La brunette retourna finalement son attention sur Nao, lui posant une question :
- Quel est le titre de cette chanson ?
- Euh... Lullaby of Birdland. Répondit hésitante et déconcertée la propriétaire.
Shizuru se contenta de hocher la tête, ses doigts s'étaient mis à taper le rythme sur la table. Son regard revint une nouvelle fois vers le bar. L'arrivée de la serveuse arrêta sa respiration. Si elle se rappelait bien, Nao l'avait appelée par son nom sur scène... Natsuki. Natsuki, jeune femme aux cheveux ébènes et aux yeux émeraudes qui lui faisait tourner la tête. Ara, ara... apparemment, cette dernière avait pris une plus grande emprise sur elle, sur son cœur qu'elle ne le pensait.
Ressaisis-toi Shizuru. Tu n'es plus une petite fille. La réalité est cruelle. Tu en la connais pas, si tu lui parles, elle t'enverras sûrement valsée. Mais même si elle répondait, tu lui dirais quoi. ''Pendant un instant, Natsuki a saisi mon cœur, je crains qu'elle n'ait oublié de le rendre.'' Il faut voir les choses en face. Tu ne la connais pas, si ça se trouve c'est en horrible personne que tu ne pourras pas supporter.
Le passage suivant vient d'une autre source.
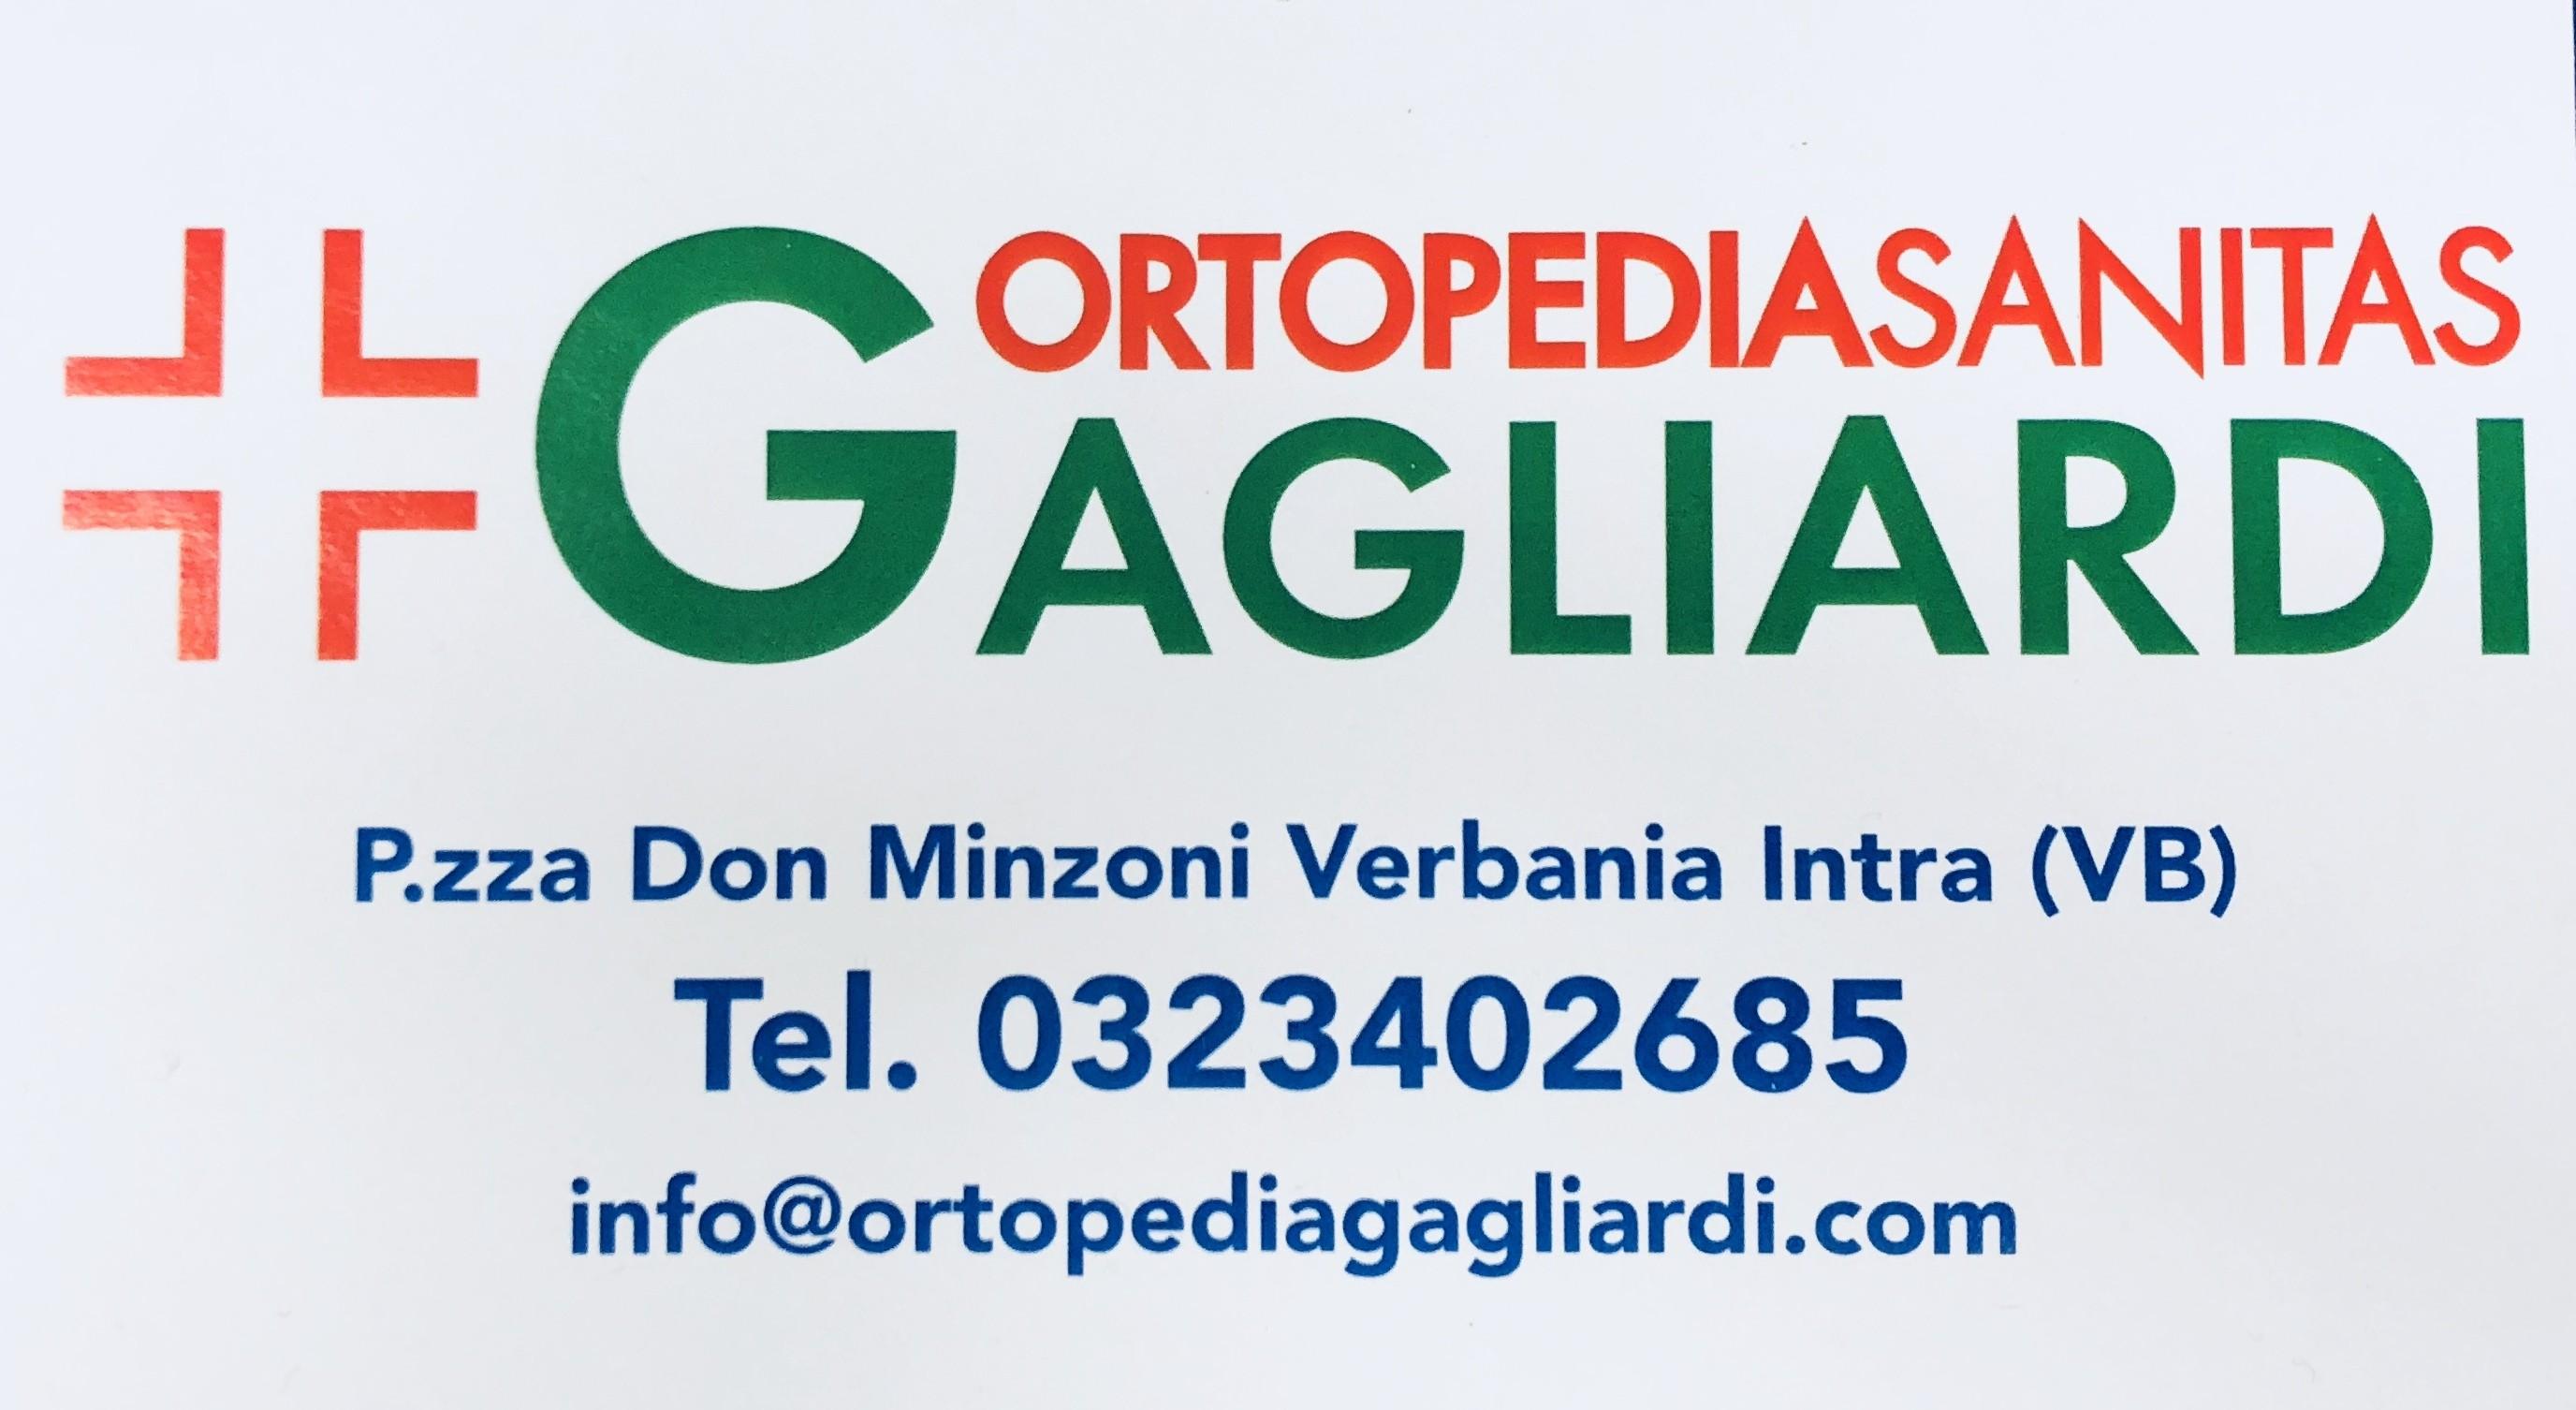 Ortopedia Gagliardi

Ou qu'elle ait déjà quelqu'un, après tout elle semble proche de l'autre serveur. Tu as une chance sur cent que cela échoue. A quoi bon...
- Un instant je vous prie Nao. S'excusa Shizuru de façon inattendue, en se levant.
D'un pas décidé, elle se dirigea vers le bar, vers cette inconnue.
Si elle ne lui parlait pas, alors il était certain que ces moments imaginés avec elle ne se réaliseront jamais. Peut-être qu'on en peut pas tout le temps faire ce qu'on veut et que les choses ne se passent pas comme on le voudrait. Il y a une chose qu'il ne faut pas oublier : rien n'arrivera si elle n'essaye pas.
Quelques mètres la séparaient du bar, c'est à ce moment que Natsuki se retourna et lui adressa un sourire joyeux, sincère auquel Shizuru ne put que répondre. La réalité pourrait être encore mieux que le rêve.